The past month, I have been through a whirlwind of emotions. I started a new job as a Resident Advisor for the freshman dorms at Marshall, I started my new nursing classes, I’m dealing with stress from the case, I have just recently filed an official complaint against Marshall’s Title IX coordinator for how horribly she treated me (which will be followed by multiple meetings with human resources and Marshall in order to carry out an investigation and have her demoted) I changed medication and I’m not sure that it is working very well, I’m trying to make working out a priority, and I’m also finding time to go home multiple times a week. Wow, that was a mouthful. I think I may be even more stressed now that I am reading that out loud. You would think that with all of this going on, I would be too exhausted to even think about anything but it’s really quite the opposite…

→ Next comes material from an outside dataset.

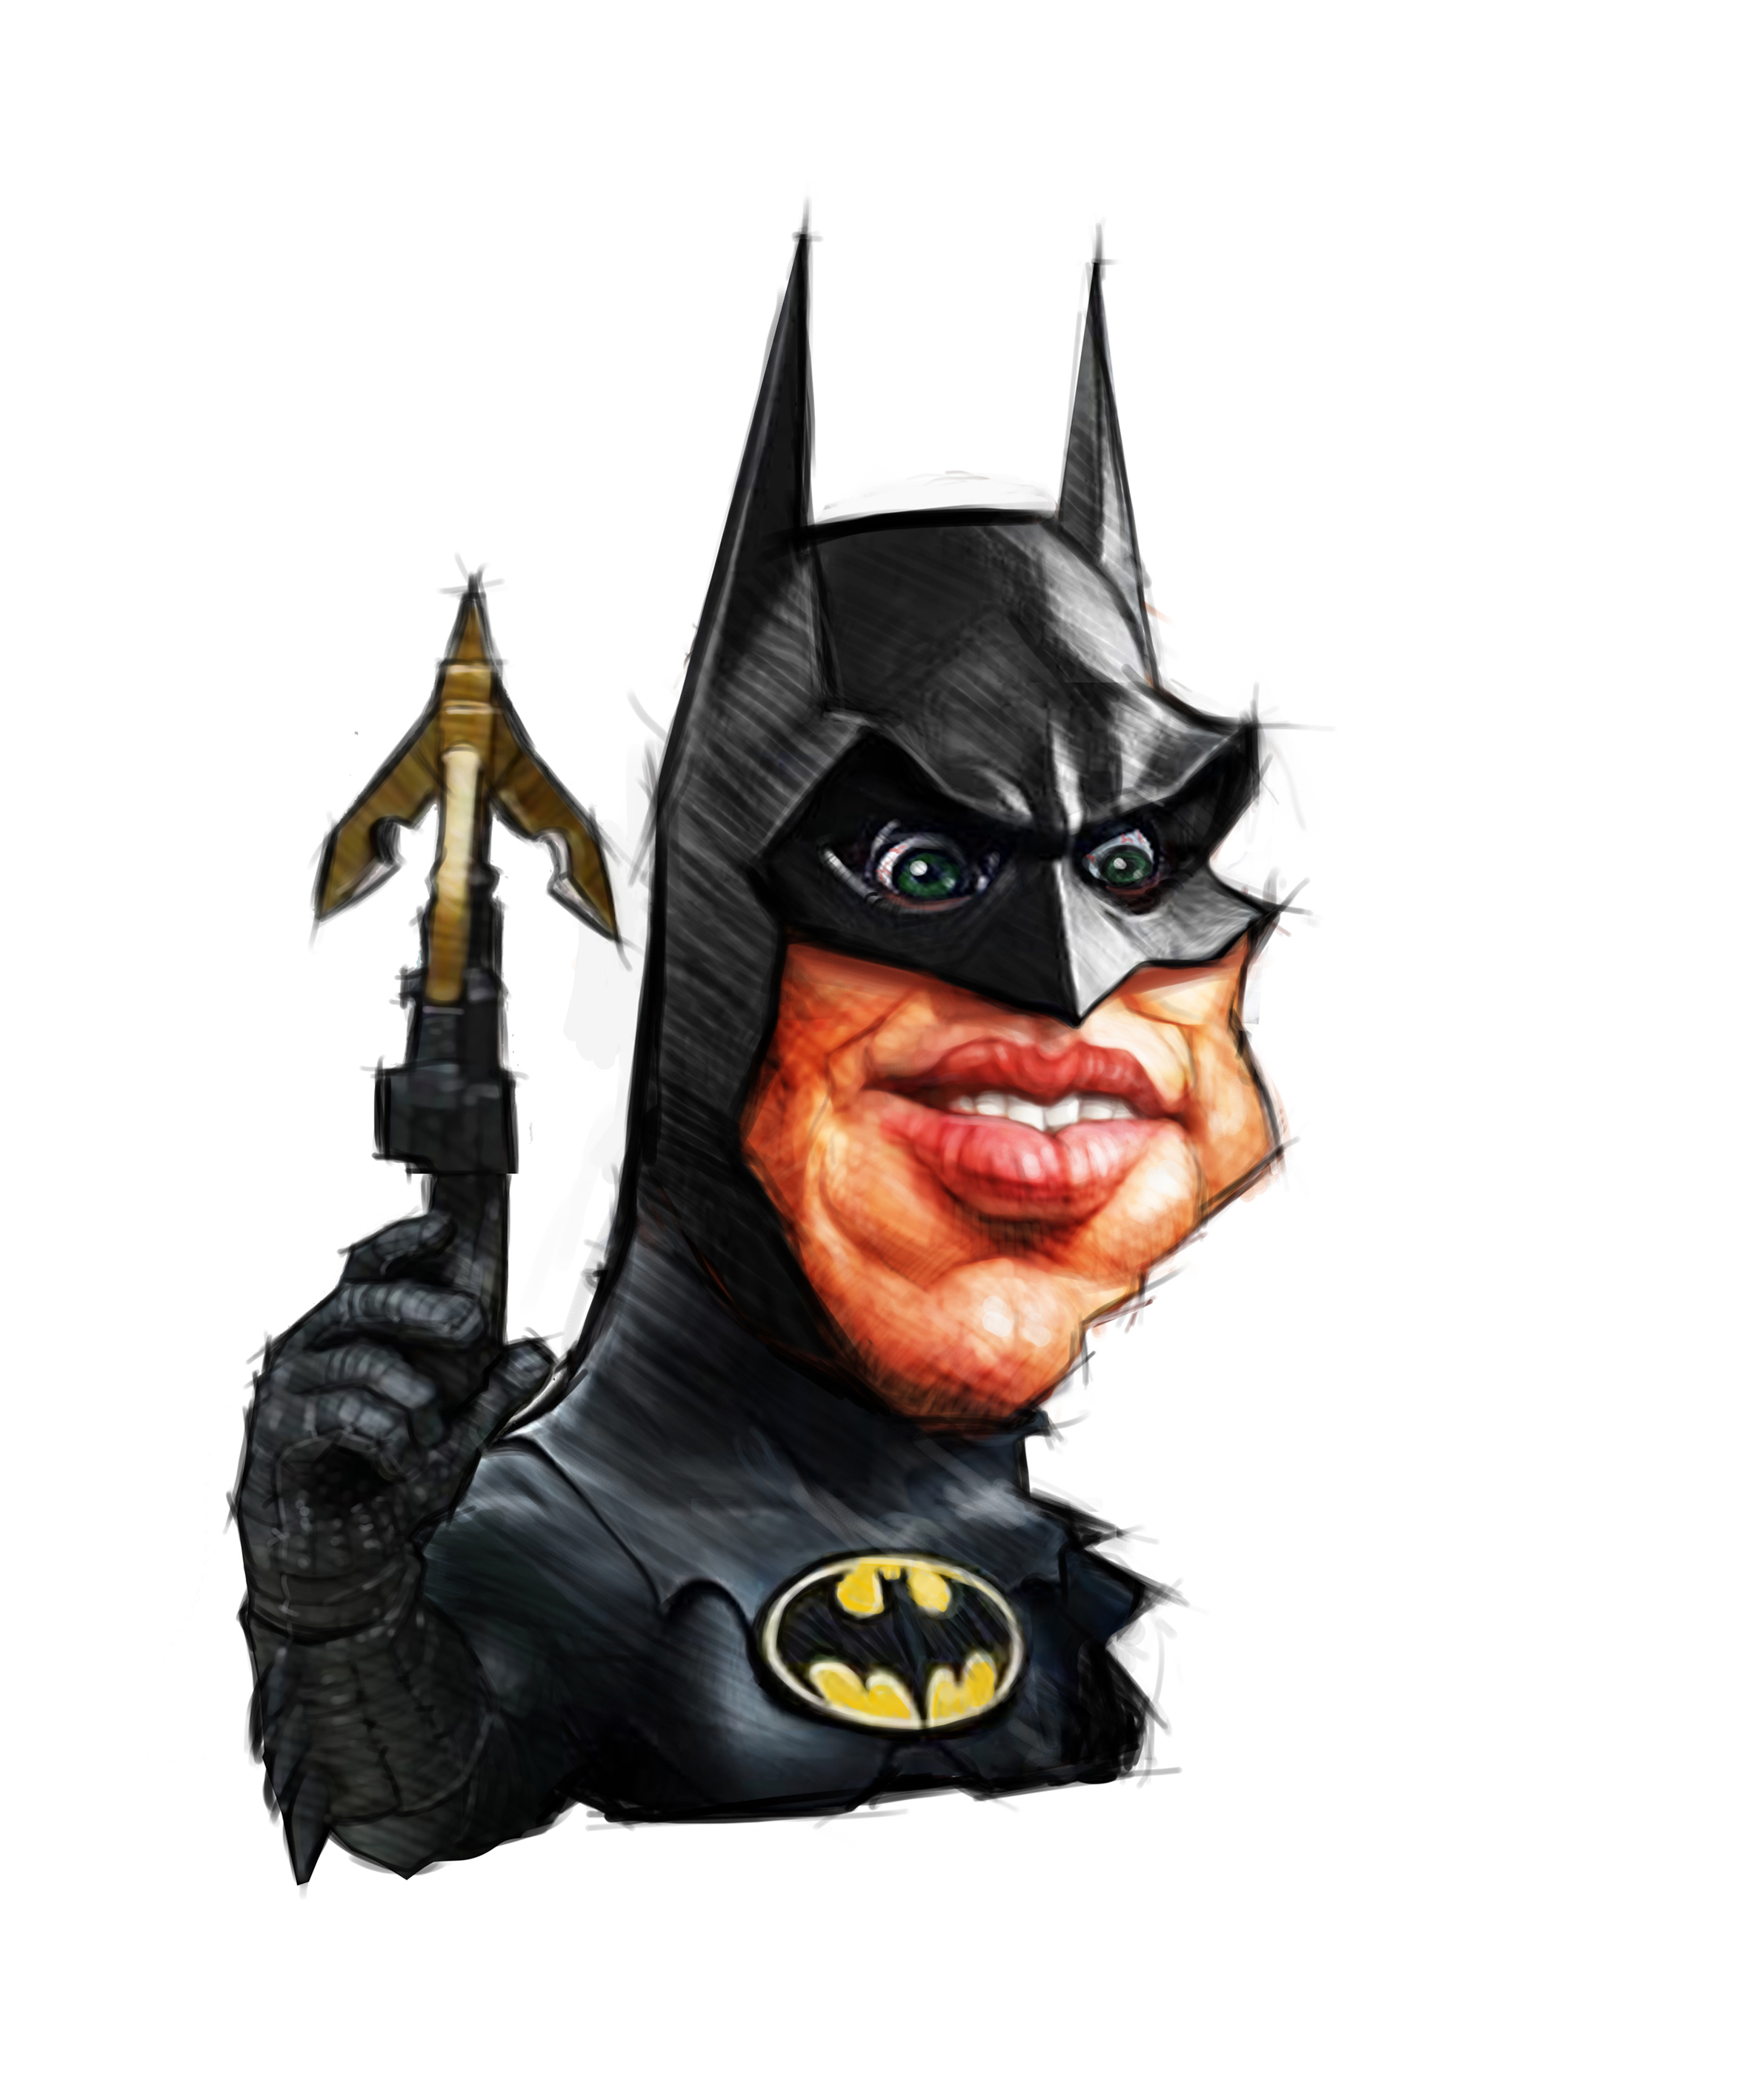 Caricatura do Batman by jeanmanara on DeviantArt

There is never a moment that my mind is at ease anymore. My thoughts circle around in my head a thousand miles a minute. I am constantly about school, work, and just life in general. Even when I try to sit down and just talk to God, my head is filled with other thoughts and I get so distracted and stressed that I can’t even pray right. For the past two nights I have sat alone in my dorm room and just cried. I have cried until my eyes are so puffy that I can’t see, until my head is pounding so strongly that I can’t think, and until my body feels so weak that I can’t move or breath. Although crying is a healthy emotion to express, it is starting to become such a burden. I have been invited to events with friends but I cannot muster up the strength to go because my body is just so exhausted from being stressed all day.
The point of me telling you this is not for you to feel pity for me but to understand this… It is okay to ask for help. It is okay to tell someone no. It is okay to take a mental break every now and then. This past therapy session, my counselor talked a lot about self care. She told me that I don’t always have to be “the helper”. I once had an EX-FRIEND (emphasis on the ex because this is one thing that ended our friendship) say to me that all I do is care about myself. She told me that I never put others first and I make it all about me. When she said this to me, something clicked. That is literally the complete opposite of what I do. It’s so difficult for me to ask for help because I don’t want to burden people with my issues. I an RA for crying out loud, all I do is fix people’s problems. I did not report my rape to the police in order to help myself. It doesn’t benefit me at all. I was already raped and I can’t change that. But what I can do is protect girls that would have been Chase’s future victims.
In all of this, constantly being there for everyone else and not letting anyone be there for me is absolutely exhausting. So don’t feel guilty asking for help. Don’t feel guilty for not taking the extra shift at work and taking a nap instead. Don’t feel guilty for taking care of yourself. If you think about it, are you really helping people to the best of your ability if you are not well rested yourself? God calls us to rest. He wants us to recharge so that we have the strength to carry on His will the next day. So take that day off, go get a massage, and rest. You deserve it.